By Nutritionist Susie · 2025-03-15
GLP-1s blunt your thirst signal — and most of my clients are walking around mildly dehydrated without realising. Here's the simple electrolyte and water plan I use to fix the headaches, fatigue and constipation that come with it.
Susie here. I want to talk about the most under-rated, least glamorous fix in GLP-1 nutrition: water and electrolytes.
I'd estimate 8 out of 10 of my clients on Ozempic, Wegovy or Mounjaro come to me mildly dehydrated. They don't feel thirsty (the drug blunts that), so they drink less. They eat less, so they get fewer electrolytes from food. And then they wonder why they have headaches, foggy thinking, leg cramps and constipation.
Sort the water and the salts and you'll feel dramatically better within 4–5 days. I've watched it happen many, many times.
Three quiet reasons:
1. Blunted thirst. You no longer get the "I'm thirsty" nudge as strongly. By the time you remember to drink, you're already behind. 2. Less food = fewer electrolytes. Most of your sodium, potassium and magnesium normally comes from food. Eat half as much, get half as much. Simple maths. 3. Side-effect losses. Even mild nausea, loose stools or extra bathroom trips chip away at your fluid balance.
For most adults on a GLP-1, aim for:
- 30–35 ml of fluid per kg of body weight per day - That's about 2 to 2.5 litres for most people - More on training days or hot weather — add 500 ml per training session
You don't need to chug it. You need to sip it consistently, every 20–30 minutes, between meals.
Forget fancy bottles for a moment. There are only three minerals that matter day-to-day:
This is what I tell almost every client:
- On waking: 500 ml of water + a pinch of sea salt + squeeze of lemon.

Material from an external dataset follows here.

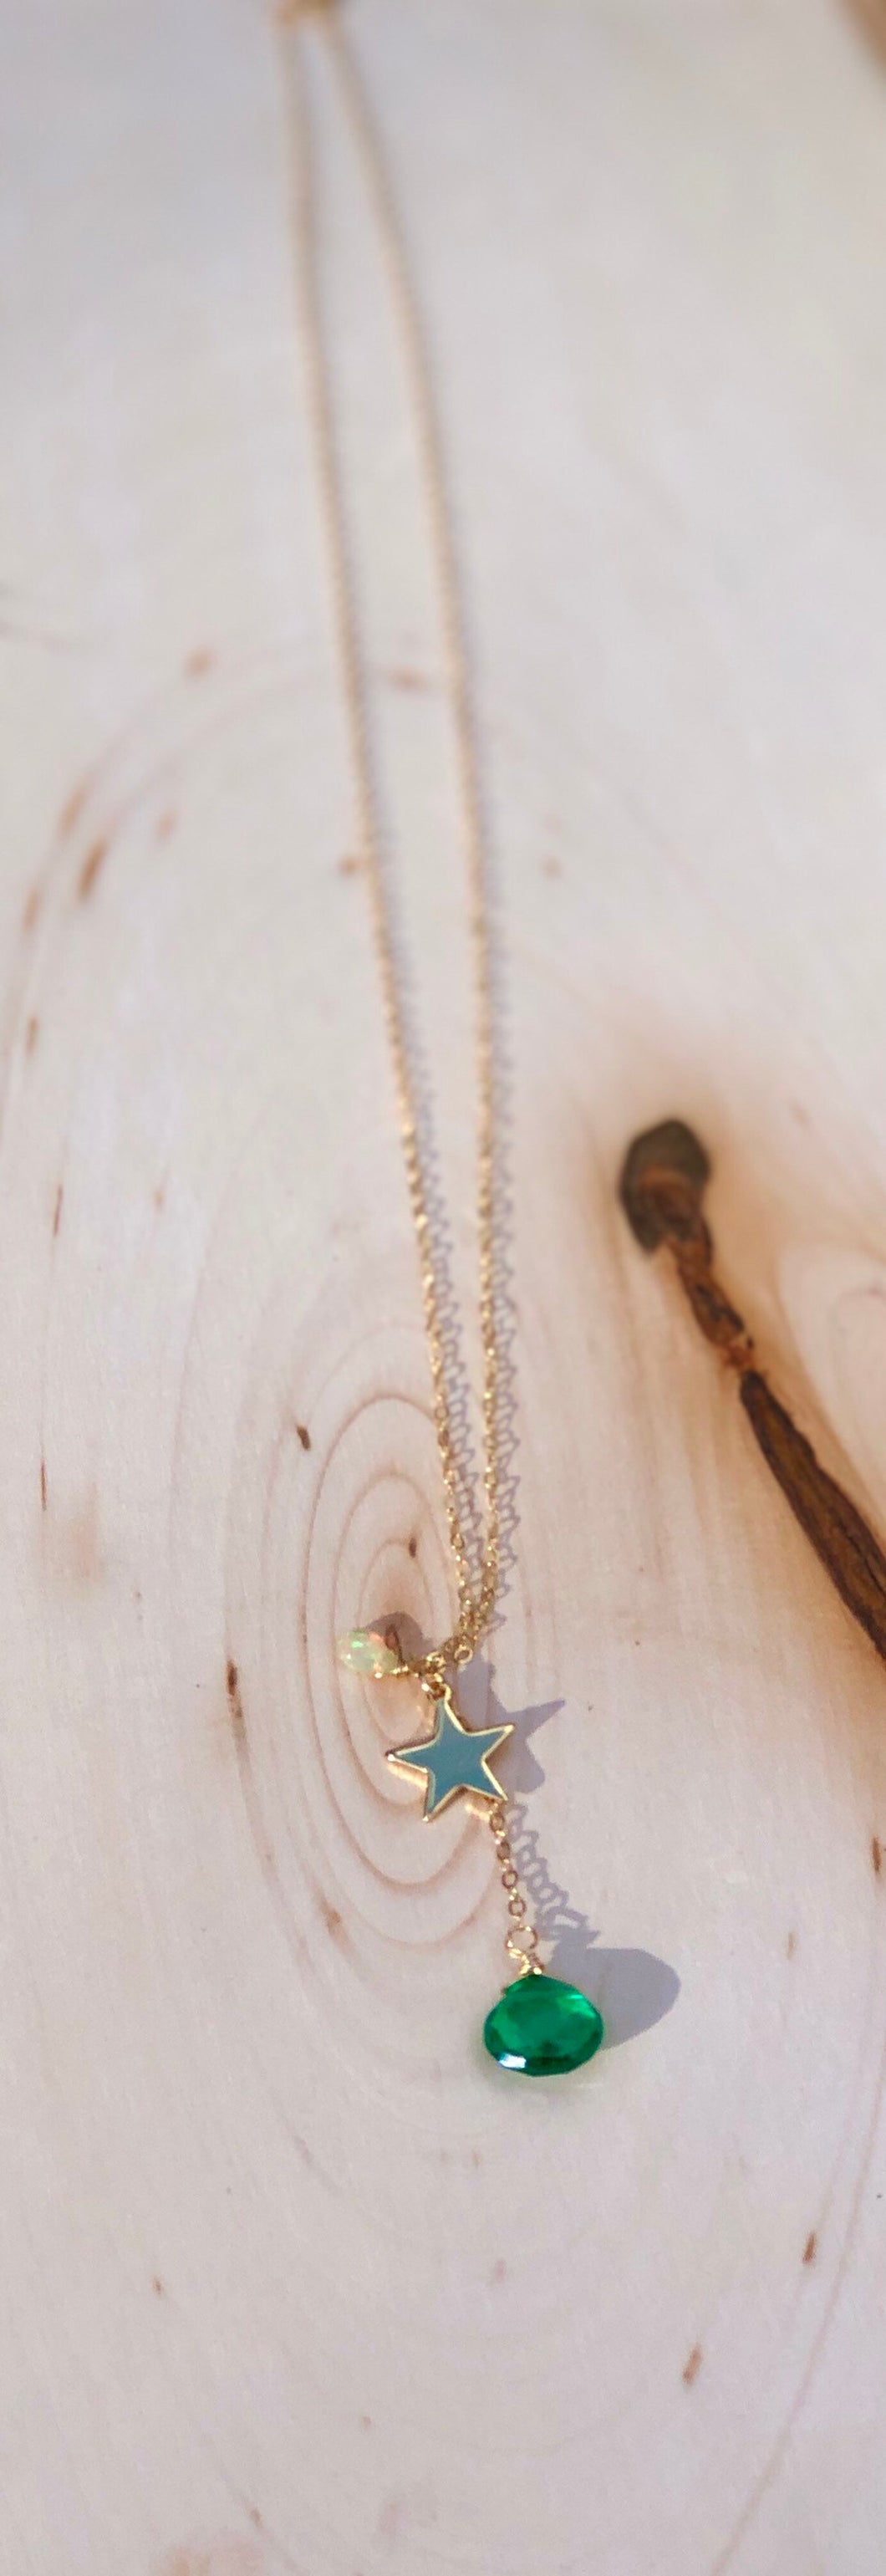 Green Amethyst and Opal Gold Star Charm Necklace

Set the day up. - Mid-morning: A herbal tea or a glass of water with each medication. - With lunch: Sip, don't chug — sipping won't fill you up too fast. - Mid-afternoon: A bottle with a low-sugar electrolyte tab if you're flagging or training that day. - Evening: Slow it down by 7pm so you sleep through.
You don't need one every day. Use one when you:
- Trained (especially anything sweaty) - Are travelling or in heat - Had a nauseous day and ate very little - Wake up with a headache or mid-afternoon brain fog
Look for sachets with at least 500 mg sodium and less than 5 g of sugar. Anything ultra-sweet is a sports drink in disguise.

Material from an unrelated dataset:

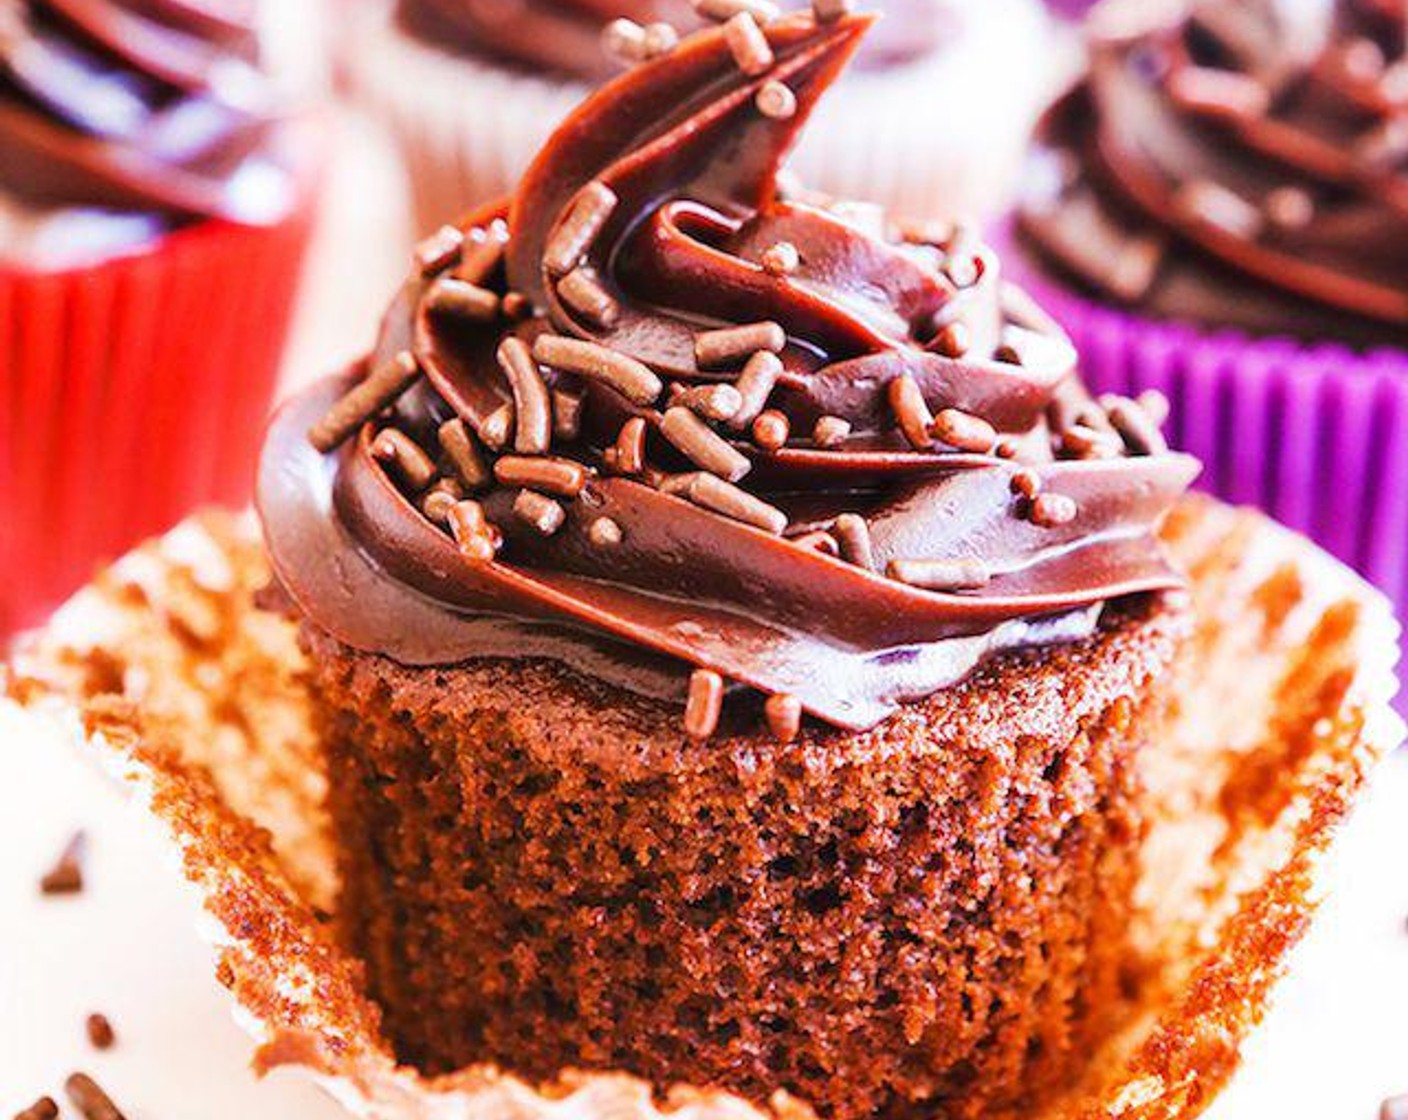 Perfect Chocolate Cupcakes with Chocolate Ganache Frosting

You'll know it's working when:
- Your wee is pale yellow (sorry, but that's the cleanest test) - The 3pm fatigue dip stops happening - Headaches reduce - Bowels move regularly (a hugely under-discussed GLP-1 win) - Skin looks better — yes, really
Stop waiting to feel thirsty. On a GLP-1, your thirst signal is unreliable. Treat hydration like a scheduled habit, not an instinct. Carry a 750 ml bottle, refill it three times a day, add salt at breakfast, and get your potassium-rich foods on the plate.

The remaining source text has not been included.